Supreme Court nominee Brett Kavanaugh’s confirmation hearings just began this morning, but if polling is any indication, he shouldn’t expect much of the American public to be in his corner.
An ABC News/Washington Post poll of 1,003 people conducted last week and released Tuesday found that just 38 percent of people believe Kavanaugh should be confirmed, while 39 percent believe he shouldn’t and 23 percent had no opinion. According to the poll, only two nominees to the high court over the past thirty years have had less support for their confirmations than Kavanaugh: the right winger Robert Bork in 1987, whose nomination was defeated in the Senate, and Harriet Miers, who withdrew her nomination in 2005.
Of those surveyed, 46 and 44 percent of people, respectively, thought Merrick Garland and Neil Gorsuch should have been confirmed when Pew asked those questions in 2016 and 2017, the ABC News poll noted.
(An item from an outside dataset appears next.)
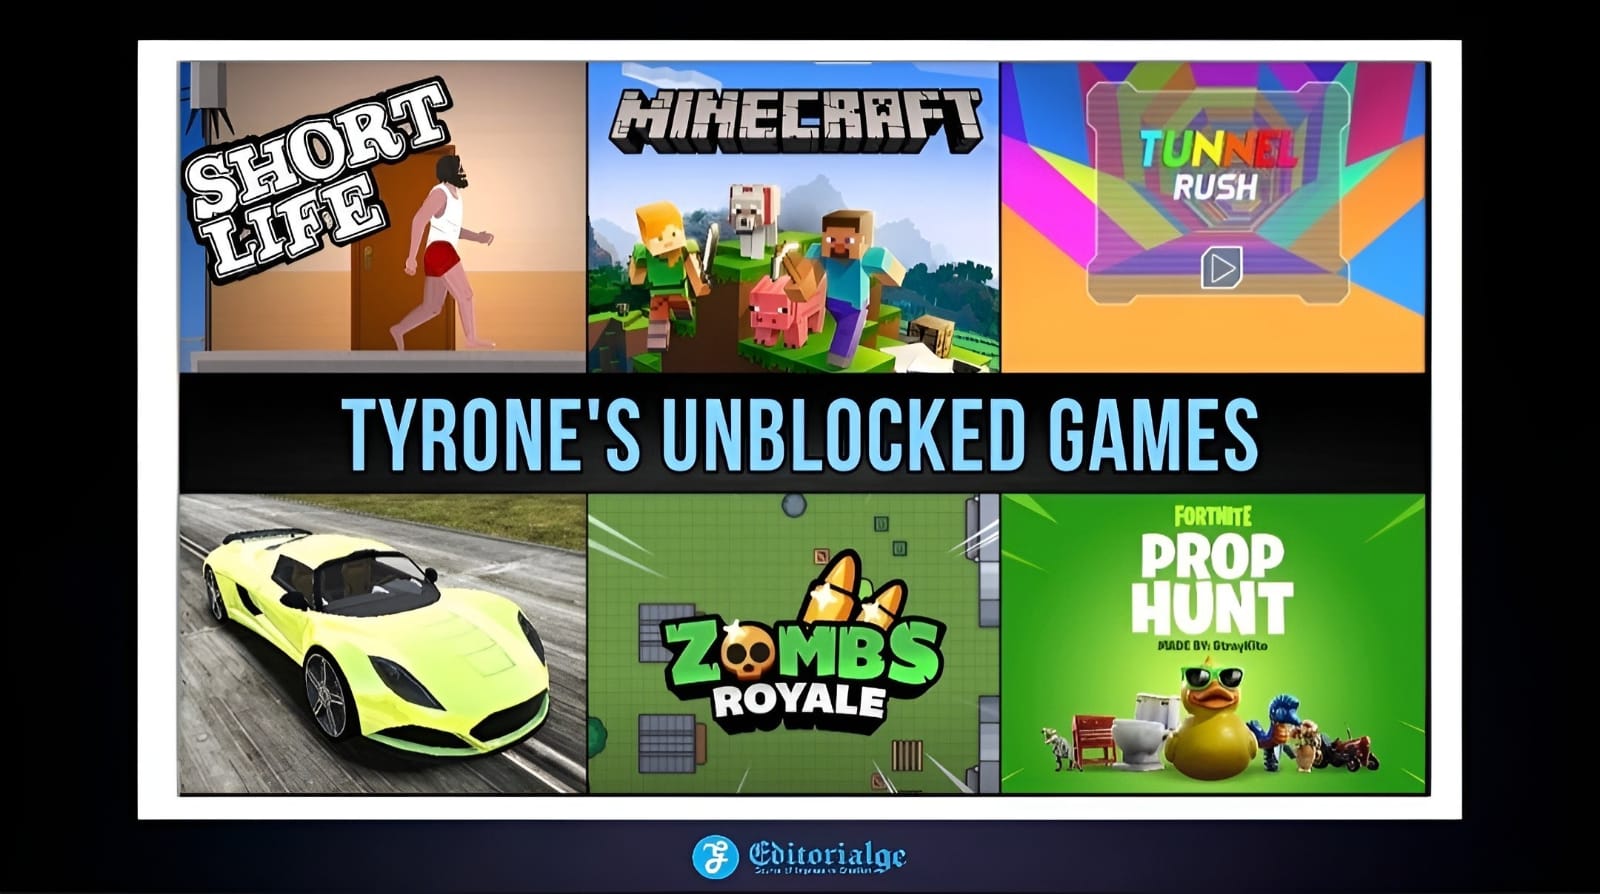 Experience Top 230 Fun and Free Gaming at Tyrone's Unblocked Games

While the level of support for Kavanaugh’s nomination is strikingly similar to President Donald Trump’s own dismal approval rating, the poll also indicates that Americans’ views of how the Supreme Court should approach abortion are changing as well. In December 2005, 42 percent of people said that the Supreme Court should make it more difficult to obtain an abortion, while just 11 percent said the Court should make it easier; now, 30 percent of people said the Court should make it harder, while 21 percent say it should be easier.
But unfortunately, what the public thinks about Kavanaugh or the Supreme Court will not actually end up mattering much, because the Senate—a body where states made up of less than one million people get the same number of seats as California—is controlled by Republicans right now, with a healthy dose of dark money to help them get over the line. Democracy works.